--- GIVEN DATA ---
==========

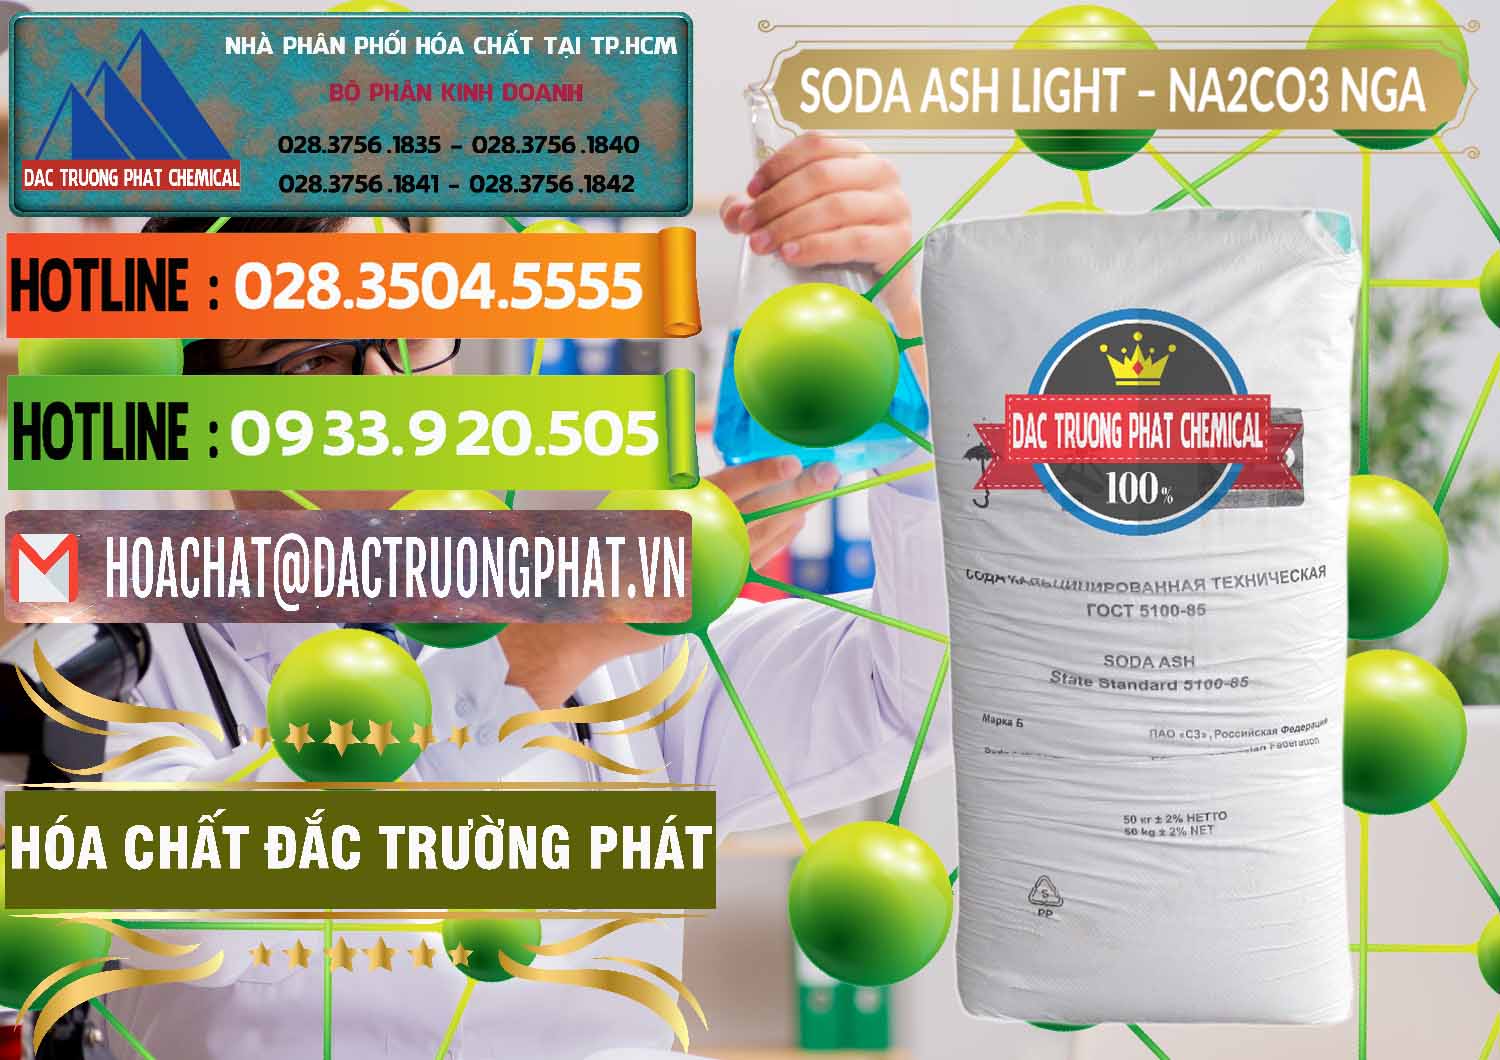 Cty chuyên bán - phân phối Soda Ash Light - NA2CO3 Nga Russia - 0128 - Kinh doanh - phân phối hóa chất tại TP.HCM - cungcaphoachat.com.vn
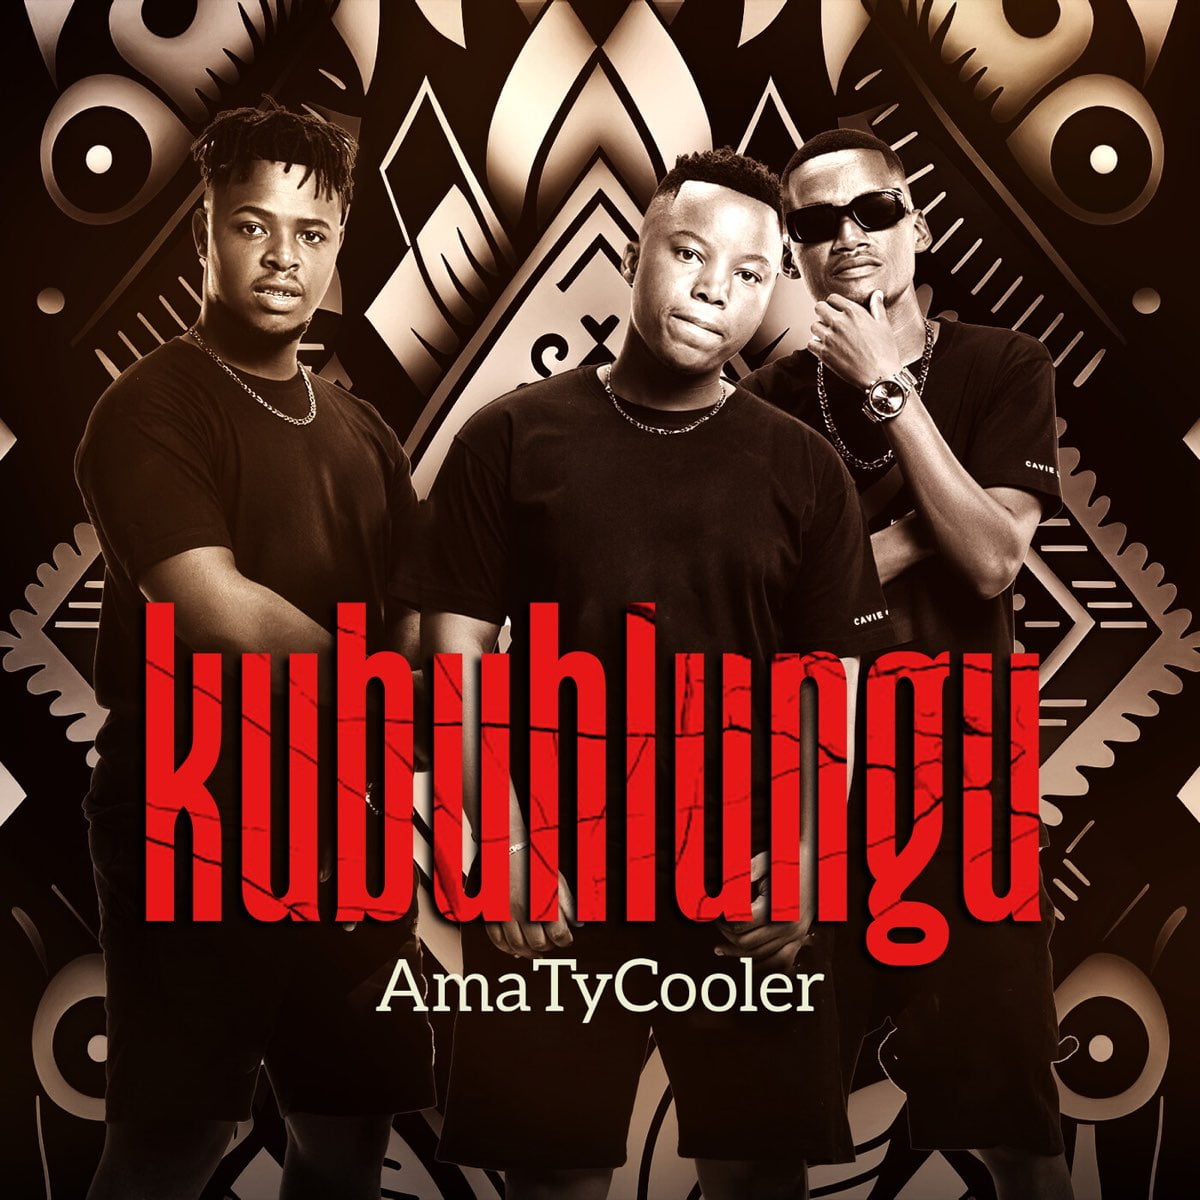 AmaTycooler - Kubuhlungu mp3 download free lyrics
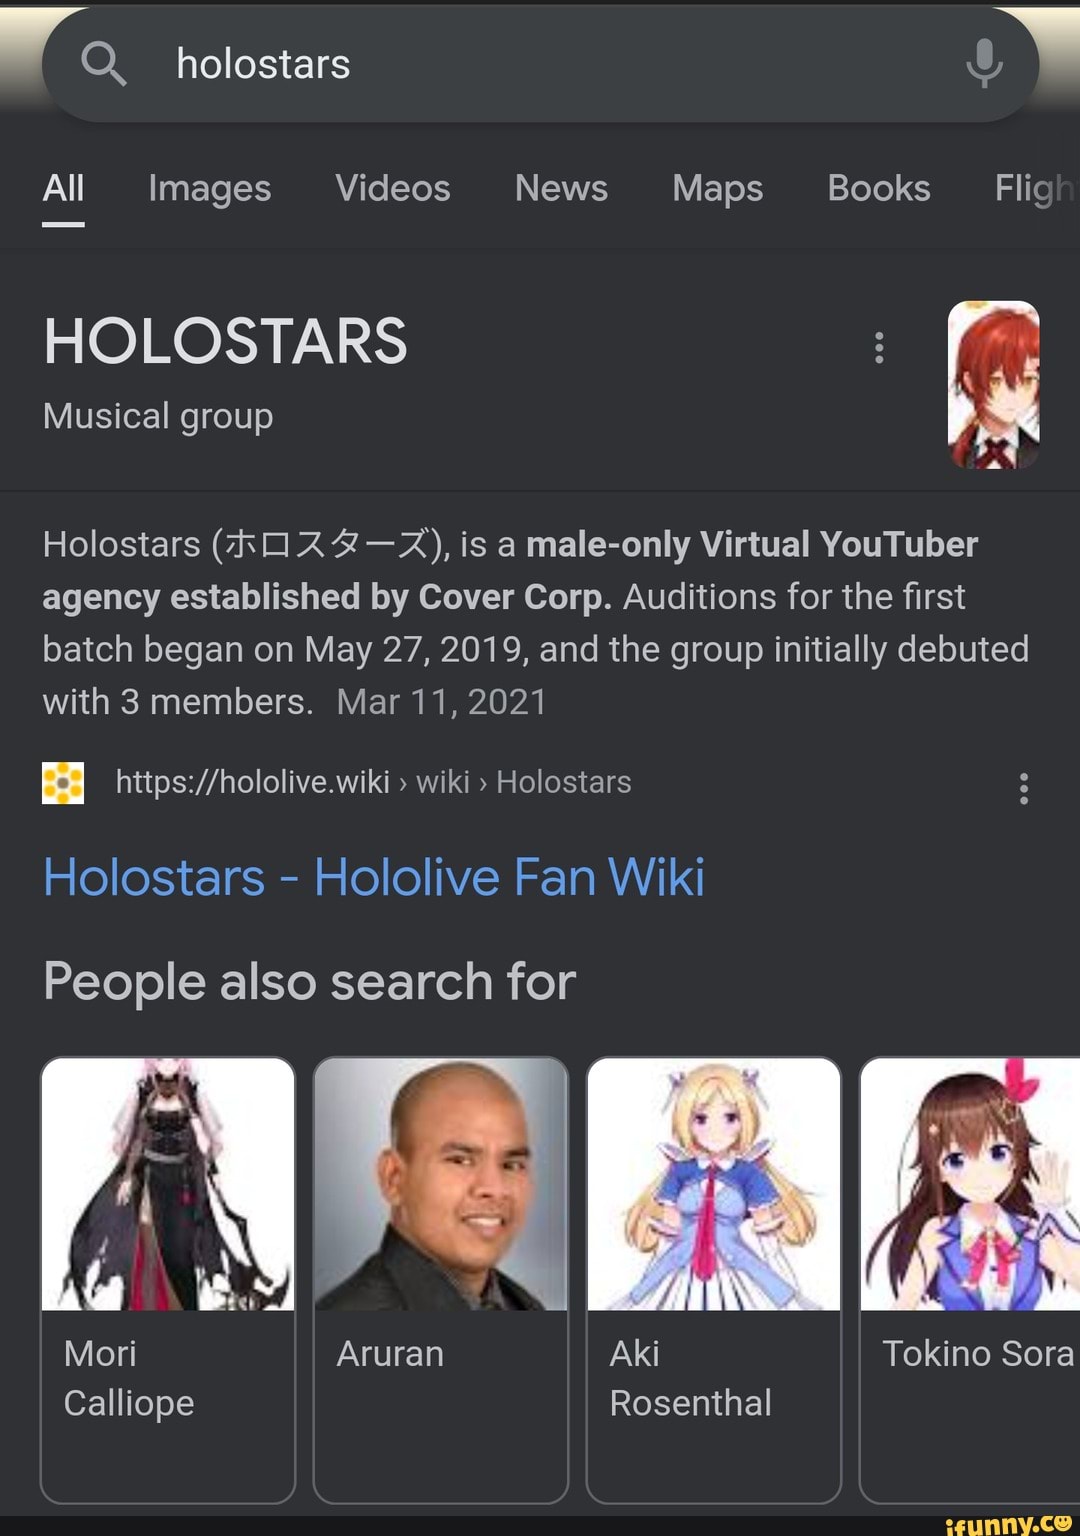 Mori Calliope - Hololive Fan Wiki

==========

Retype exactly the lines above, starting at the line containing "AmaTycooler - Kubuhlungu" and ending with the last line, both included; leave out the pictures.

--- WRITTEN SOLUTION ---
 AmaTycooler - Kubuhlungu mp3 download free lyrics
 Mori Calliope - Hololive Fan Wiki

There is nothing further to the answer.